Now that we could make and run tests manually, it was time for automation. In Testkube, test automation would be handled by scheduling and triggers. Scheduling means that a test or test suite can be automated to run on certain intervals, like once a month or every ten minutes. It is quite handy for tests that need to be repeated on certain intervals. Triggers differ from scheduling by the fact that they don’t have a set time, but are run when a “trigger” is activated.

Triggers for tests

In the picture above there is a working trigger. The ingress refers to the ingress.yaml file in Kubernetes that the Tetris game uses. When a modification is made to that file, trigger activates and runs a test called tetris, which is a test to curl the URL the game uses. Also, the labels mentioned before come in handy here, since they can be used to identify cluster resources. The example ingress trigger is Name to Name, meaning namespace/resource-name.

Integration with Argo CD

Now we were at a stage where it was time to integrate Testkube with GitLab and Argo CD. GitLab would host the tests for Testkube to use when something activates an automated trigger in Kubernetes. Argo CD would monitor and keep Kubernetes resources up to date according to GitLab configurations. Since our team was already somewhat familiar with the Argo CD, this was straightforward to implement. We did manage to get the GitLab, Testkube and Argo CD integrations to work, and we had an integration triangle.

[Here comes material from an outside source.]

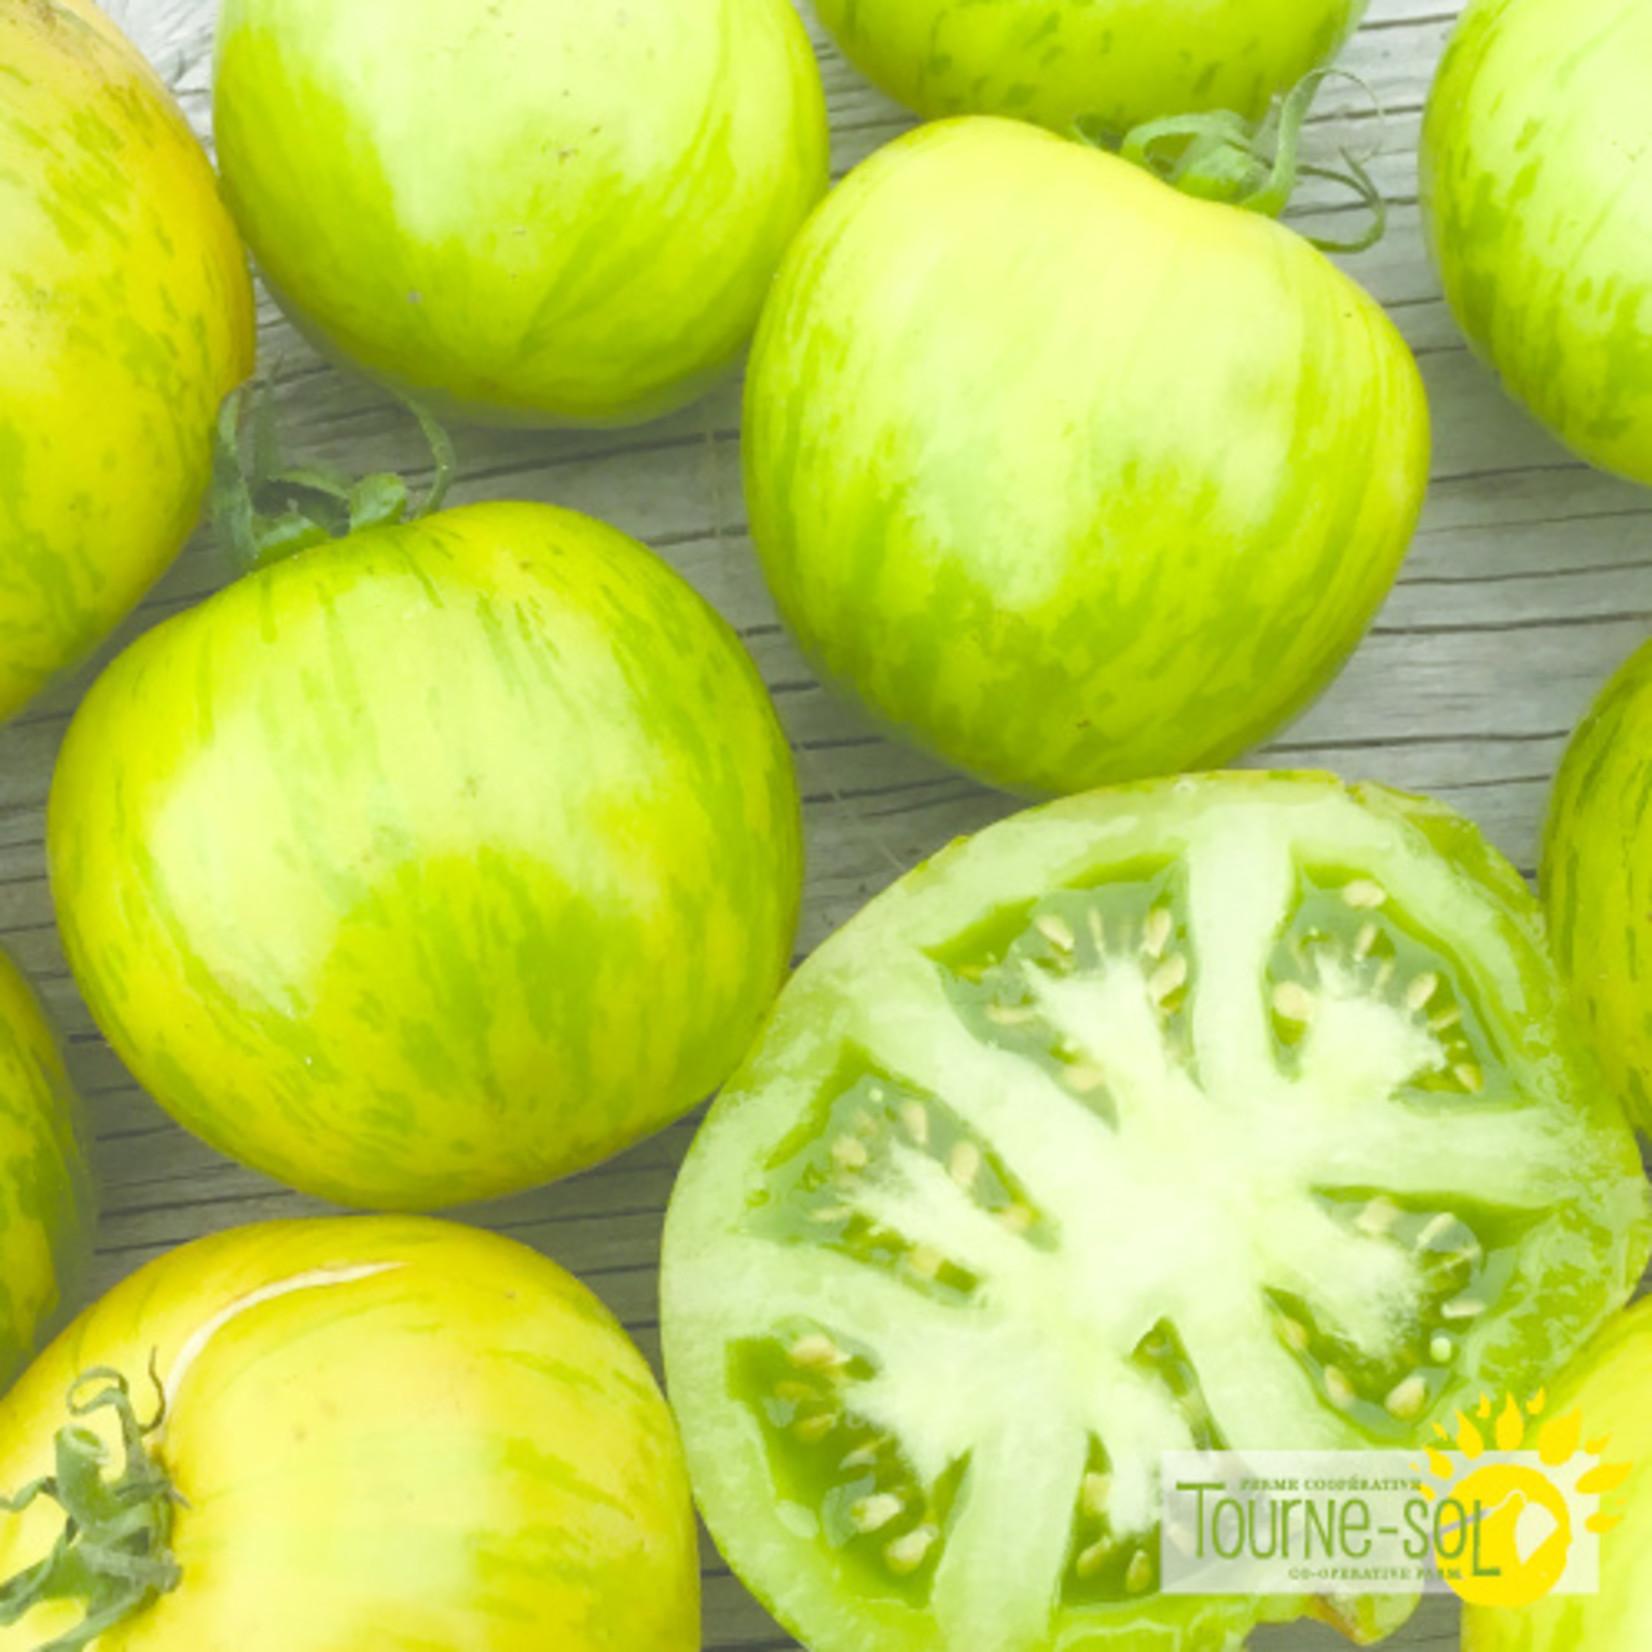 Tourne-Sol Tomate Verte Green Zebra

Argo CD Connected to GitLab

What was missing was feedback from Testkube to Argo CD and GitLab. Test results didn’t affect deployment at all no matter how critical the errors were. We also couldn’t get the reports to show on GitLab. It should be also considered whether Argo CD sync hooks should be used instead of Testkube triggers.. However, this integration part happened when WiMMA Lab was coming to an end, so there wasn’t enough time to do all the things we would have liked.